Additionally, as a payee you can approach the payer for non-deduction of tax at source, however, for that, you have to furnish a declaration in Form No. 15G/15H, as the case may be, to the payer to the effect that the tax on his estimated total income of the previous year after including the income on which tax is to be deducted will be nil, the government mentions.
A deductor would face the below-mentioned consequences if he/she fails to deduct TDS or after deducting the same fails to deposit it to the credit of the union government's account, according to the IT rule.
1. Disallowance of expenditure
According to section 40(a)(i) of the Income-tax Act, any amount, other than the salary, payable outside India or to a non-resident, which is chargeable to tax in India in the hands of the recipient, will not be allowed to be deducted, if it is paid without deduction of tax at source, or if tax is deducted but is not deposited with the union government, till the due date of filing of return. But, if the tax is deducted or deposited in the subsequent year, the expenditure will be allowed as a deduction in that year.
According to section 40(a)(ia), any amount payable to a resident, which is subject to deduction of tax at source, will attract a 30% of disallowance, if it is paid without deduction of tax at source, or if the tax is deducted, but not deposited with the union government, till the due date of filing of return. But, where in respect of any such amount, tax is deducted or deposited in the subsequent year, the expenditure so disallowed will be allowed as 'deduction' in that particular year.

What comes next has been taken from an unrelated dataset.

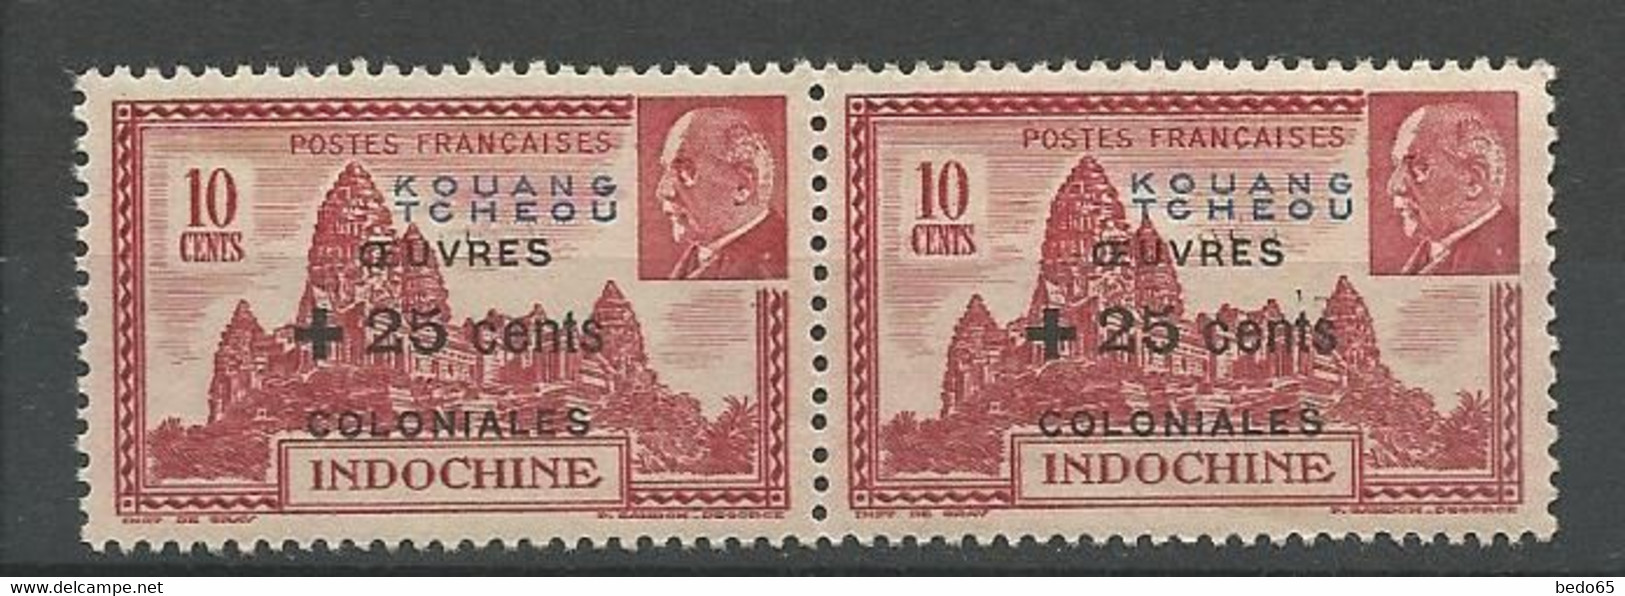 KOUANG-TCHEOU N° 156 Variétée K De KOUANG Déformé Tenant à Normal NEUF**  SANS CHARNIERE Petite Adhérence / MNH - Unused Stamps

According to section 58(1A), as amended with effect from the assessment year 2018-19, the provisions of section 40(a)(ia) and 40(a)(iia) will also apply in computing the income chargeable under the head 'Income from other sources'.
2. Levy of interest
According to section 201 of the Income-tax Act, if you fail to deduct the tax at source or after the deducting the same fails to deposit it to the union government's account then he/she will be considered to be an assessee-in-default and liable to pay simple interest, as mentioned here:
(i) at 1% for every month or part of a month on the amount of such tax from the date on which such tax was deductible to the date on which such tax is deducted.
(ii) at 1.50% for every month or part of a month on the amount of such tax from the date on which such tax was deducted to the date on which such tax is actually paid.
3. Levy of Penalty
The penalty of an amount equal to tax not deducted or paid could be imposed under section 271C.